Corporate uptake drives credit to 5-year high …underscores return in business confidence in market

Corporate uptake drives credit to 5-year high …underscores return in business confidence in market

A notable acceleration in corporate credit uptake has resulted in domestic private sector credit extension (PSCE) growing by 5% year-on-year (y/y) in March 2025, up from the 3.9% y/y recorded in February. 

This marks the strongest pace of credit expansion in five years. 

Corporate credit constitutes approximately 50% of total domestic credit extended. This increased significantly to 8.2% y/y in March from 5.9% y/y in February. FNB noted that this acceleration was broad-based, with significant contributions from instalment and leasing, loans and advances and overdrafts. 

The mining, manufacturing, tourism, financial services and energy sectors were the key drivers of this upturn. 

In an analysis of the latest PSCE figures, FNB Namibia economist Cheryl Emvula and graduate analyst Ndateelela Amukuhu noted the latest figures indicate the highest annual growth in corporate borrowing since December 2019. 

He highlighted a return in business confidence in the market. 

By contrast, household credit growth remained subdued, registering a marginal uptick to 2.8% y/y in March from 2.6% y/y in the prior month. 

“Across credit sub-categories, demand was generally robust, except for mortgages, which remained weak. Instalment and leasing rose notably by 17.1% month-on-month (m/m) in March, up from 15.7% in February. This translates to a solid 8.9% y/y growth. This reflects increased consumer reliance on asset-backed credit, particularly for vehicles.

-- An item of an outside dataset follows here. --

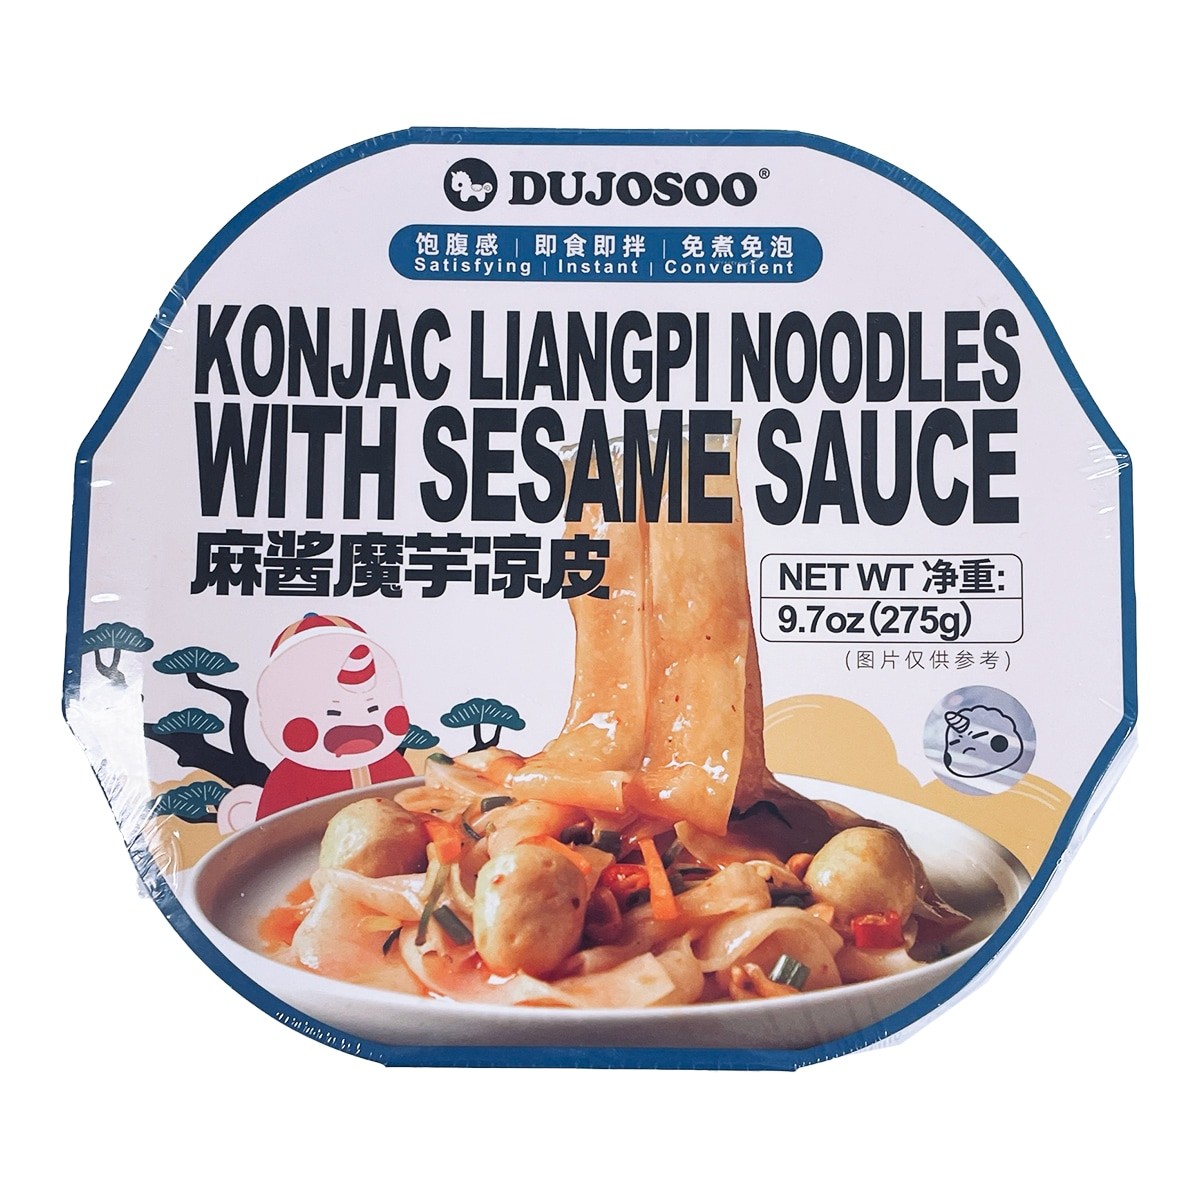 konjac-liangpi-noodles-with-sesame-sauce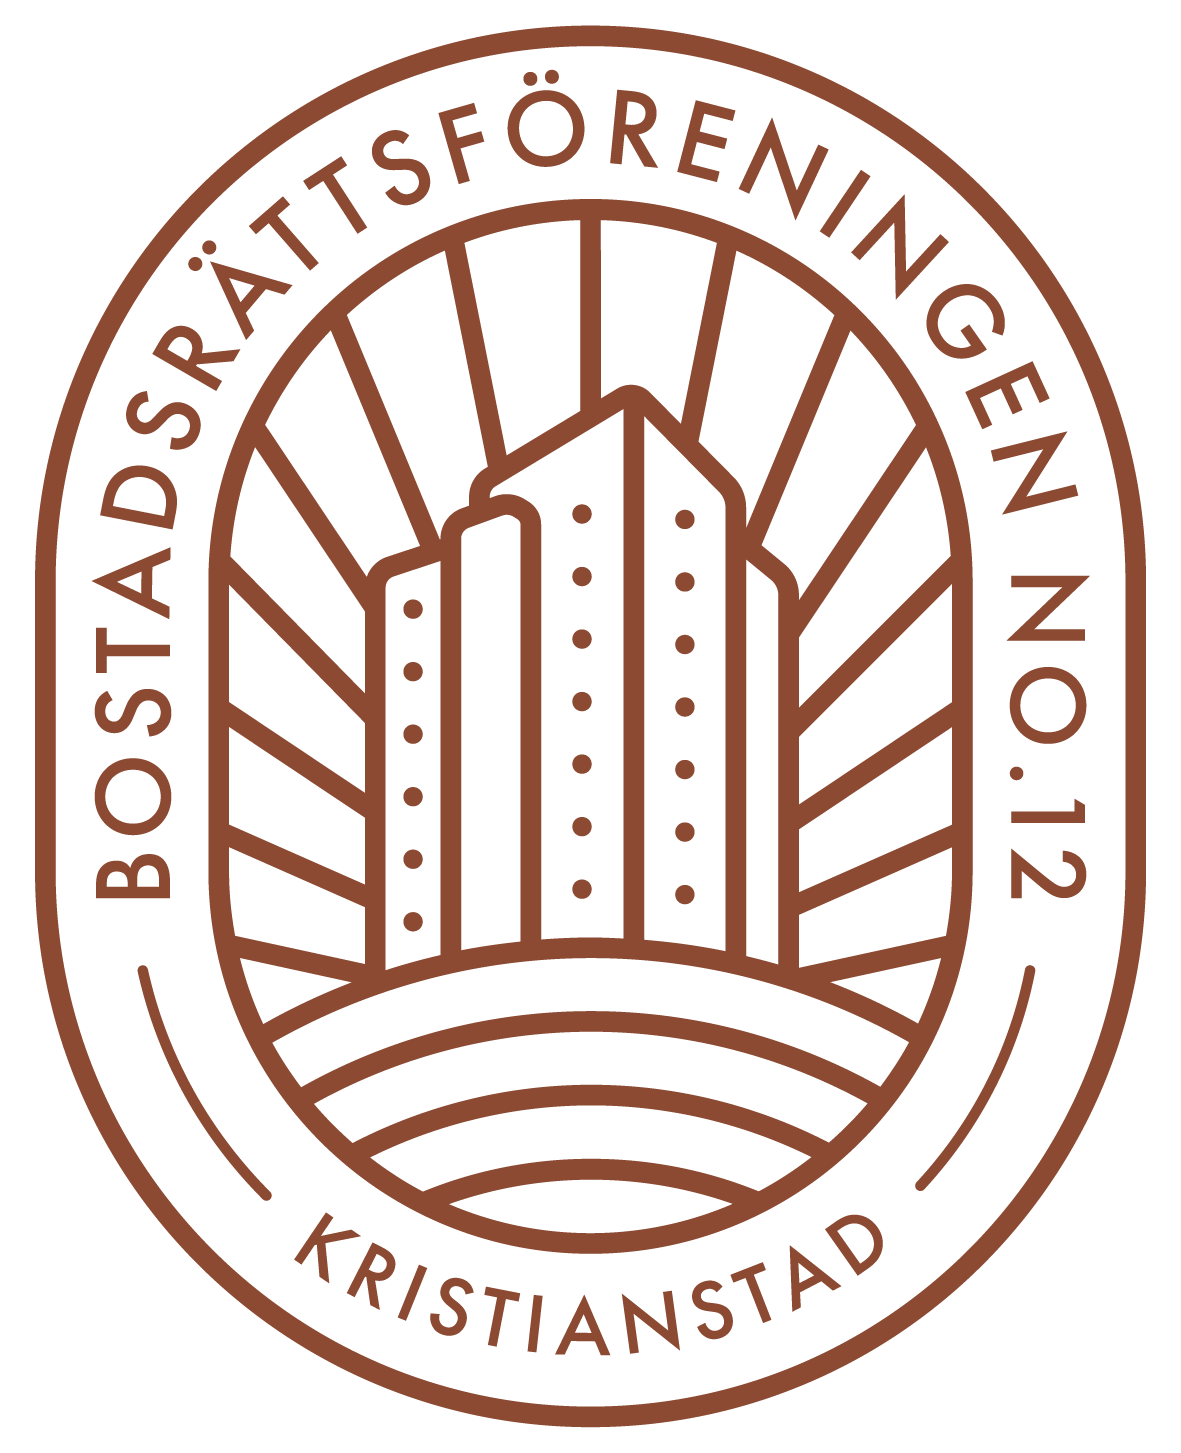 Brf No.12 i Kristianstad

The trend suggests that both households and businesses are increasingly leveraging short-term credit solutions to navigate operational expenses,” the FNB analysts stated. 

They noted that supporting this narrative, other loans and advances rose modestly by 0.35% y/y, driven mainly by the energy and manufacturing sectors. 

“Overdrafts, which had contracted for 13 consecutive months, also turned positive, growing by 0.8% m/m, indicating an incremental easing of liquidity constraints with an increase in credit uptake mainly from the mining and financial sectors,” the FNB report states. 

On the household side, a slight rise in total credit growth was supported by a stronger performance in secured credit segments. 

This is as instalment and leasing rose to 14.5% y/y from 12.3% y/y in the previous month. 

The FNB analysts pointed out that mortgages, which makes up nearly 66% of household credit, declined further by 0.6% y/y and 0.1% m/m. 

“This suggests ongoing consumer caution, likely reflecting persistent pressures on disposable income, elevated unemployment levels and a high household debt burden that continues to constrain borrowing capacity,” FNB reported. 

Meanwhile, stock brokerage Simonis Storm (SS) commented that the latest PSCE data suggests overall credit appetite is gradually recovering, supported by more confident business borrowing patterns and sustained instalment credit demand. 

Weighing in on the most recent PSCE figures, SS analyst Almandro Jansen, stated that key sectors driving demand included mining, energy, tourism, manufacturing and financial services, indicating broad-based recovery in economic activity.